Current Phase 1 Scope Used for Cleanup

The cleanup used the current working scope discussed during R4 planning:

CategoryStatusValidation direction
YARA file/content rulesKeptNative yara / yara-python validation
Elastic detection rulesKeptNative Elastic KQL/EQL validation
Sigma rulesKeptTranslate to Elastic/EQL where translation fidelity is high
YARA-L conversionsExploratory onlyRemoved from retained output until reproducibility and backend execution are decided
Splunk, Sentinel, Chronicle, Falco, Wazuh, Snort, Suricata, Panther, OpenSearchFuture/exploratoryRemoved from retained local working set

This scope is pragmatic, not final.
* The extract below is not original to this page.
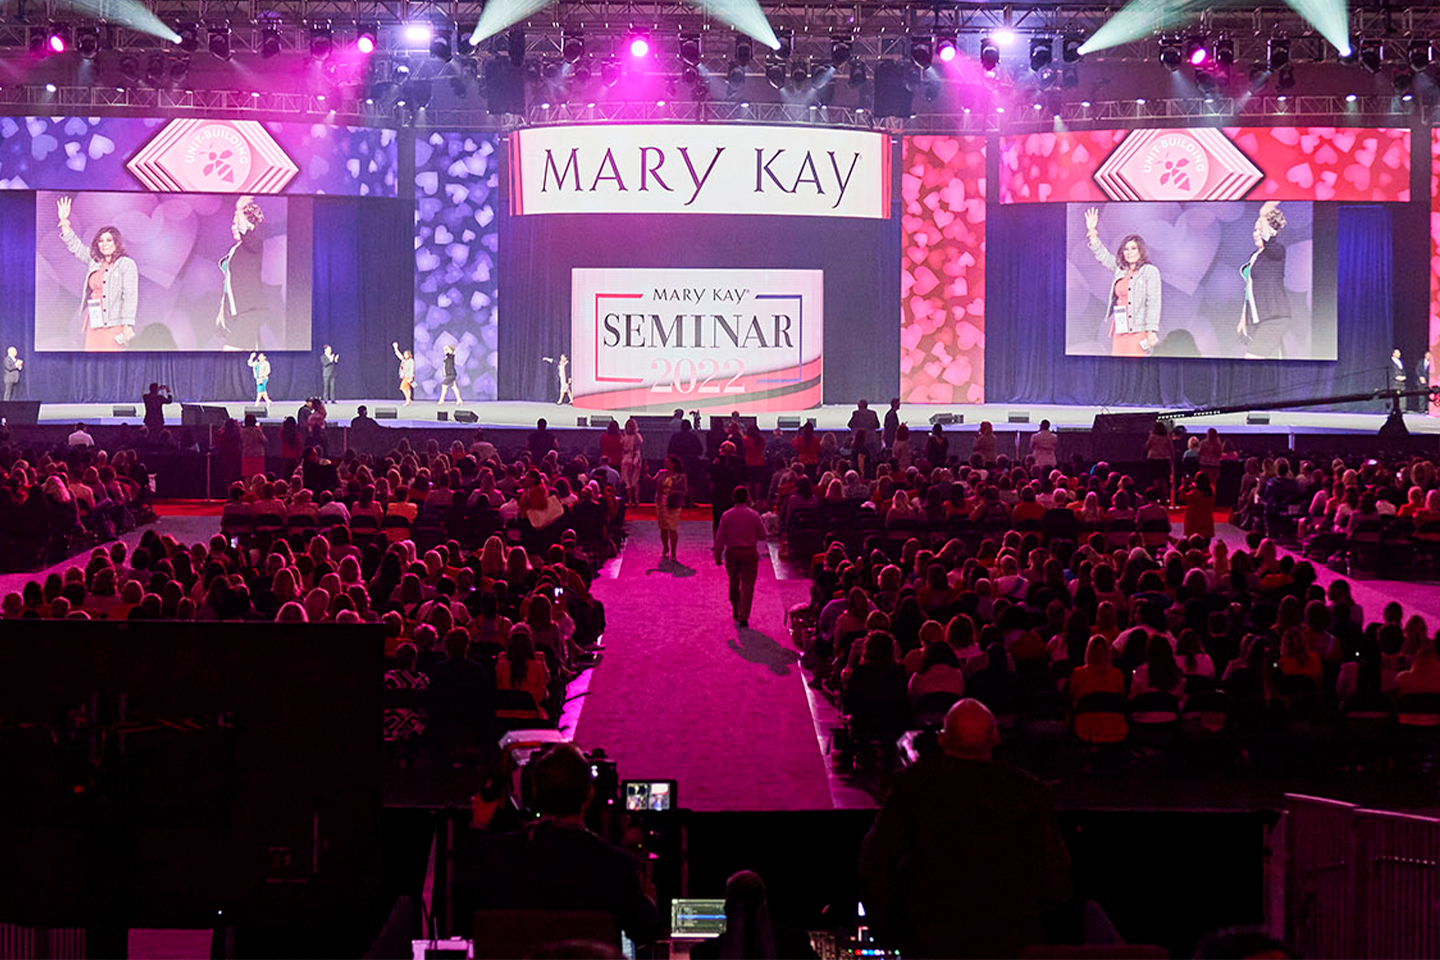 Konferensi Mary Kay dengan orang-orang berjalan melintasi panggung

PROTOCOL.md Sections 4.1, 4.2, 4.3, and 5.2 must still define the formal inclusion rules.

Step 1 - Find Public Rule Sources

Purpose: identify public rule repositories that could plausibly support a detection robustness benchmark.

Inputs:

Candidate sources reviewed:

  • SigmaHQ Sigma rules.
  • Elastic Detection Rules.
  • Splunk Security Content.
  • Public YARA repositories.
  • Elastic Protections Artifacts.
  • Microsoft Sentinel.
  • Chronicle / Google SecOps detection rules.
  • Google Security Analytics.
  • Panther Analysis.
  • Falco rules.
  • Wazuh rules.
  • OpenSearch Security Analytics.
  • Emerging Threats Suricata rules.
  • Snort community rules.
  • Discovery indexes such as Awesome YARA.

Why this step matters:

  • The benchmark cannot be credible if the source universe is vague.
  • Every source has different licensing, rule semantics, metadata quality, and evaluator requirements.
  • Source discovery must happen before sampling design so R5.2 can define a defensible sampling frame.

Output:

  • A documented source inventory with source URLs, download methods, local target paths, and R5.2 notes.

Step 2 - Download Local Source Snapshots

Purpose: create local snapshots for inspection and dataset preparation without relying on changing upstream repositories.

Initial local target:

/home/andrey/git-projects/brittle/detection rules

Download methods used:

  • git clone --depth 1 for ordinary GitHub repositories.
  • sparse Git checkout for very large repositories such as Azure Sentinel and Wazuh main.
  • curl -L for direct archive endpoints such as Sigma tarball, Emerging Threats, and Snort community rules.

Why this step matters:

  • Rule repositories change frequently.
  • Local snapshots allow repeatable parsing and cleanup.
  • Shallow/sparse retrieval reduces disk usage when only rule-bearing paths are needed.

Important result:

  • The initial broad download reached approximately 5.6G.
  • After cleanup, retained local raw sources were reduced to approximately 74M.

Step 3 - Convert or Normalize Rules

Purpose: move from heterogeneous upstream repositories toward formats that can be analyzed consistently.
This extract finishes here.